=== Section Start ===

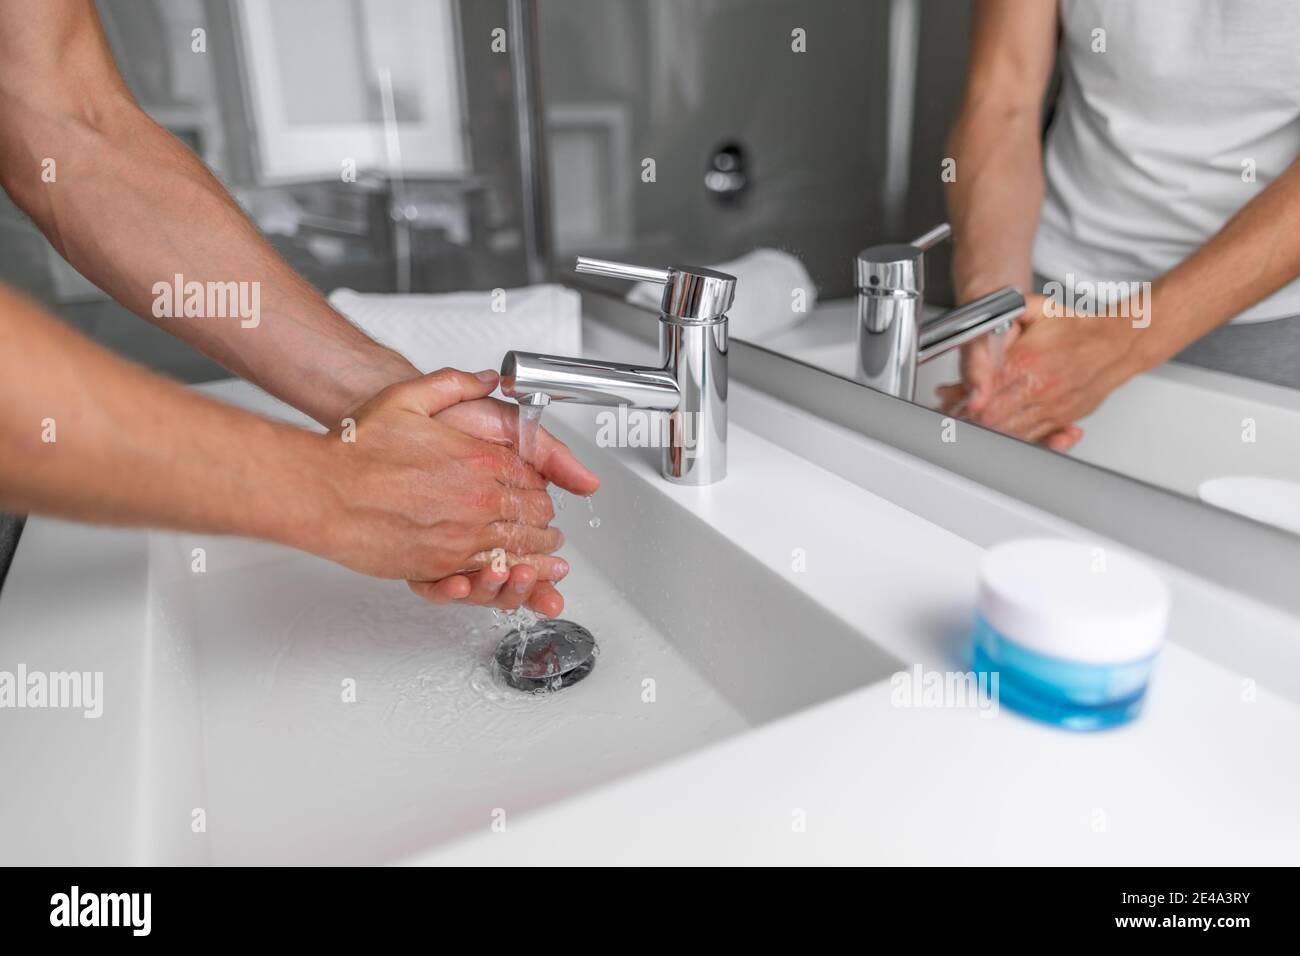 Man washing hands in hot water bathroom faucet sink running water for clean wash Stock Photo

=== Section End ===
=== Section Start ===

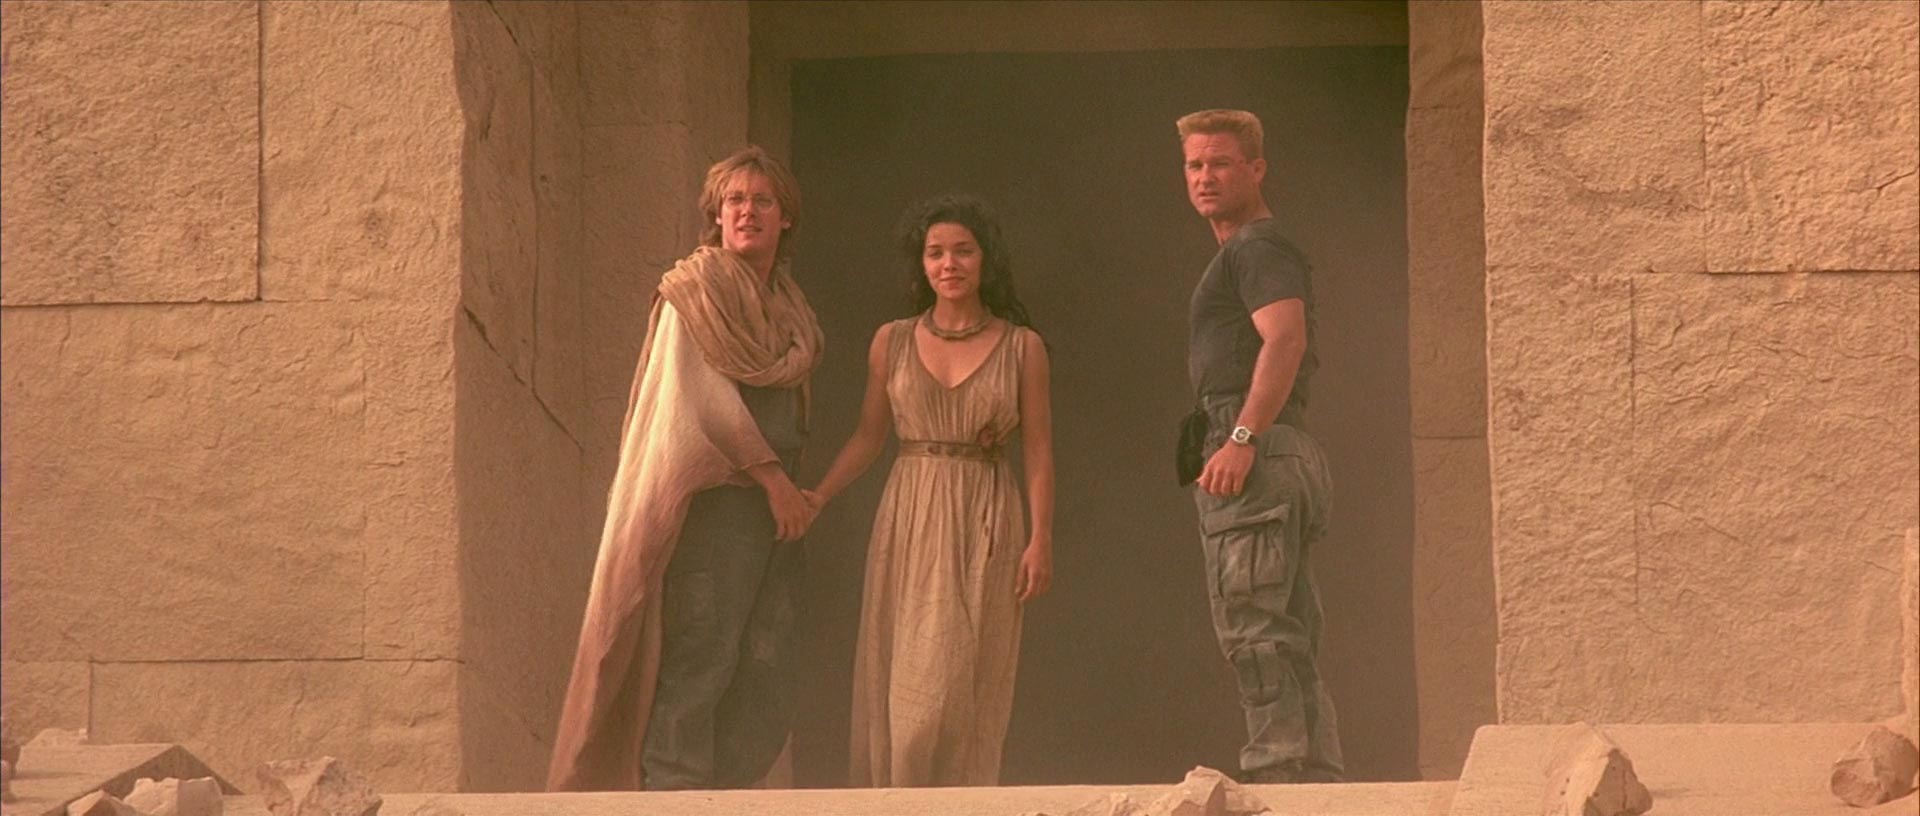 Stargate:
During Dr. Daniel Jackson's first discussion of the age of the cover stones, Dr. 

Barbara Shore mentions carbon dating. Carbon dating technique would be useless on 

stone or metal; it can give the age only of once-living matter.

=== Section End ===
=== Section Start ===

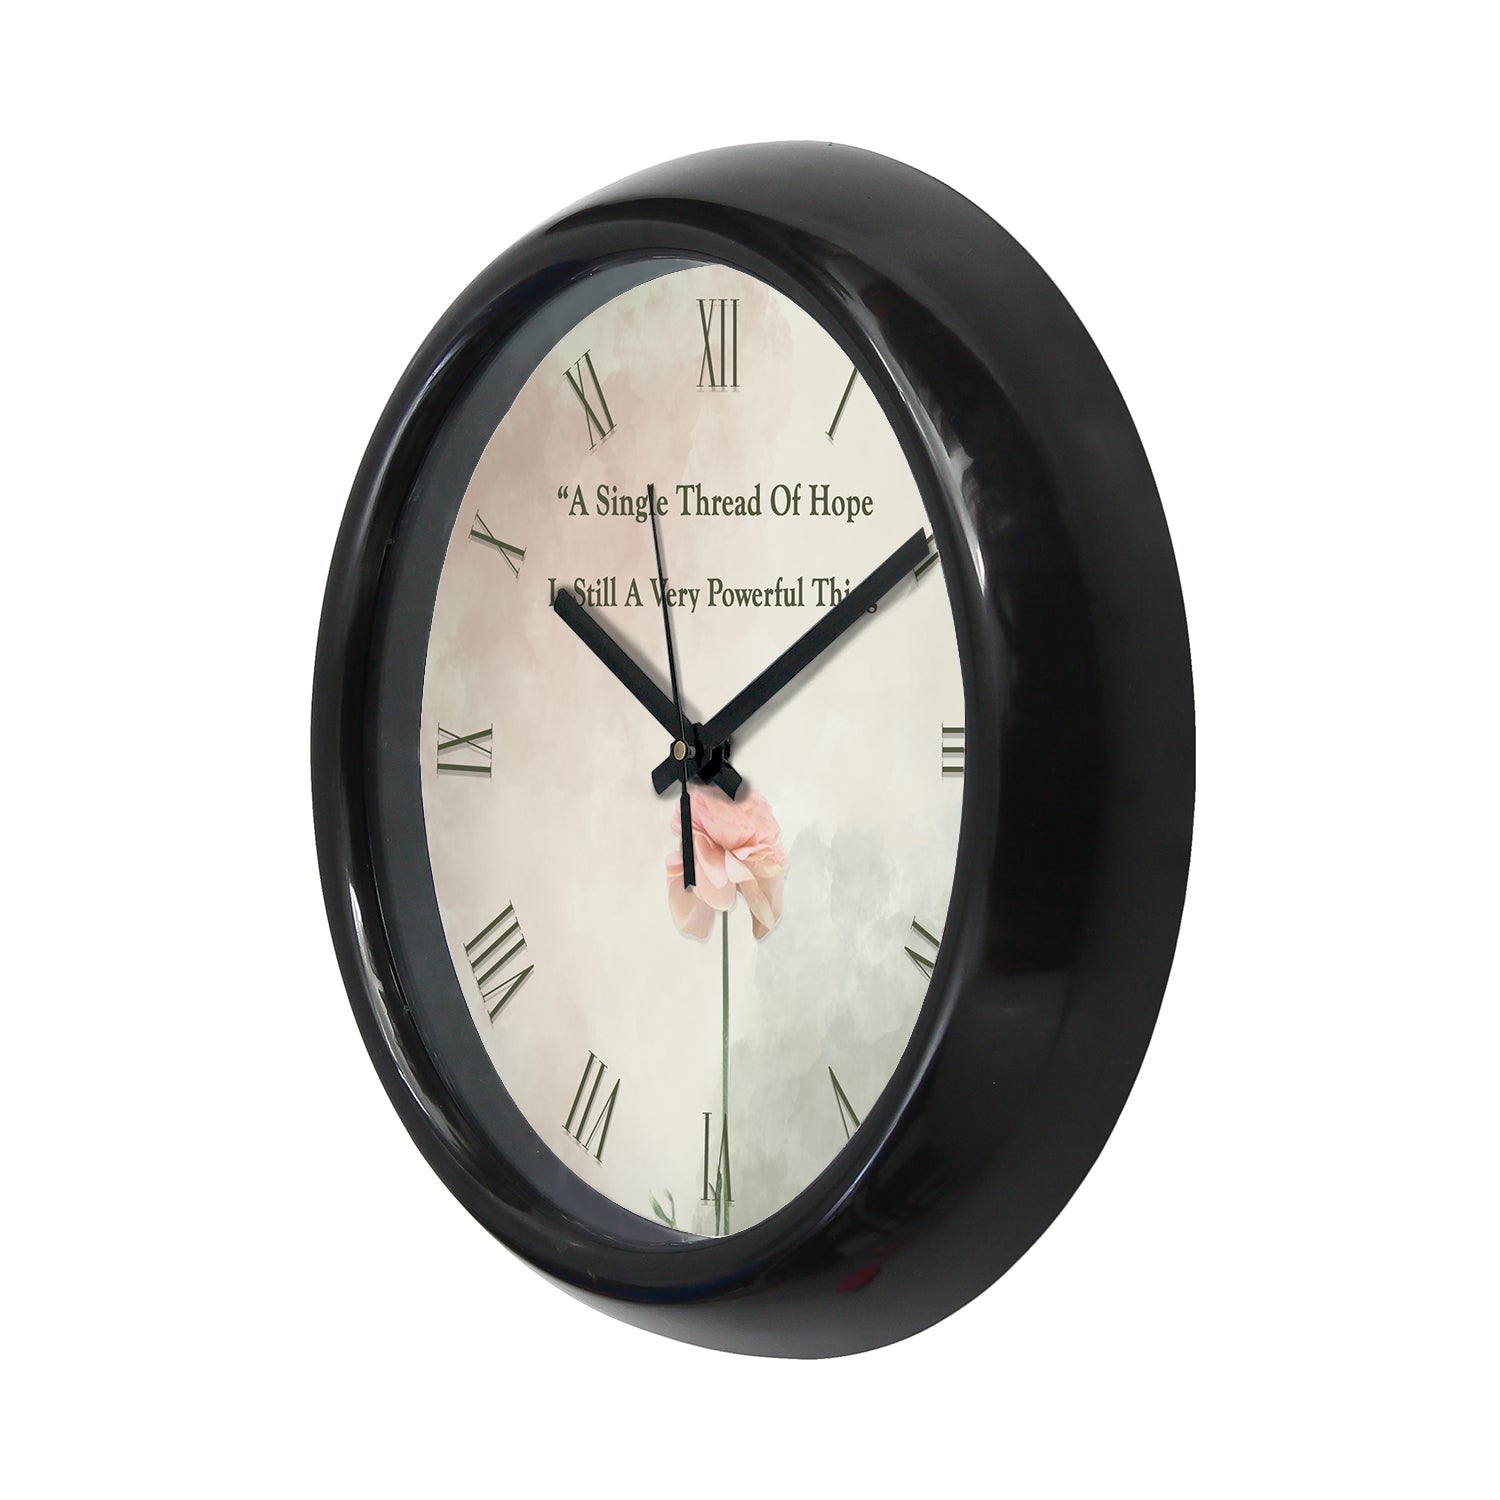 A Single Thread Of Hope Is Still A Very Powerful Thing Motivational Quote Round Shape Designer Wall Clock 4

=== Section End ===

▶ Problem to work on: Find where the line with "Barbara Shore mentions" sits in the material above, then copy exactly from it through the line with "stone or metal;". Add no other line.

▶ Solution to this problem:
Barbara Shore mentions carbon dating. Carbon dating technique would be useless on 

stone or metal; it can give the age only of once-living matter.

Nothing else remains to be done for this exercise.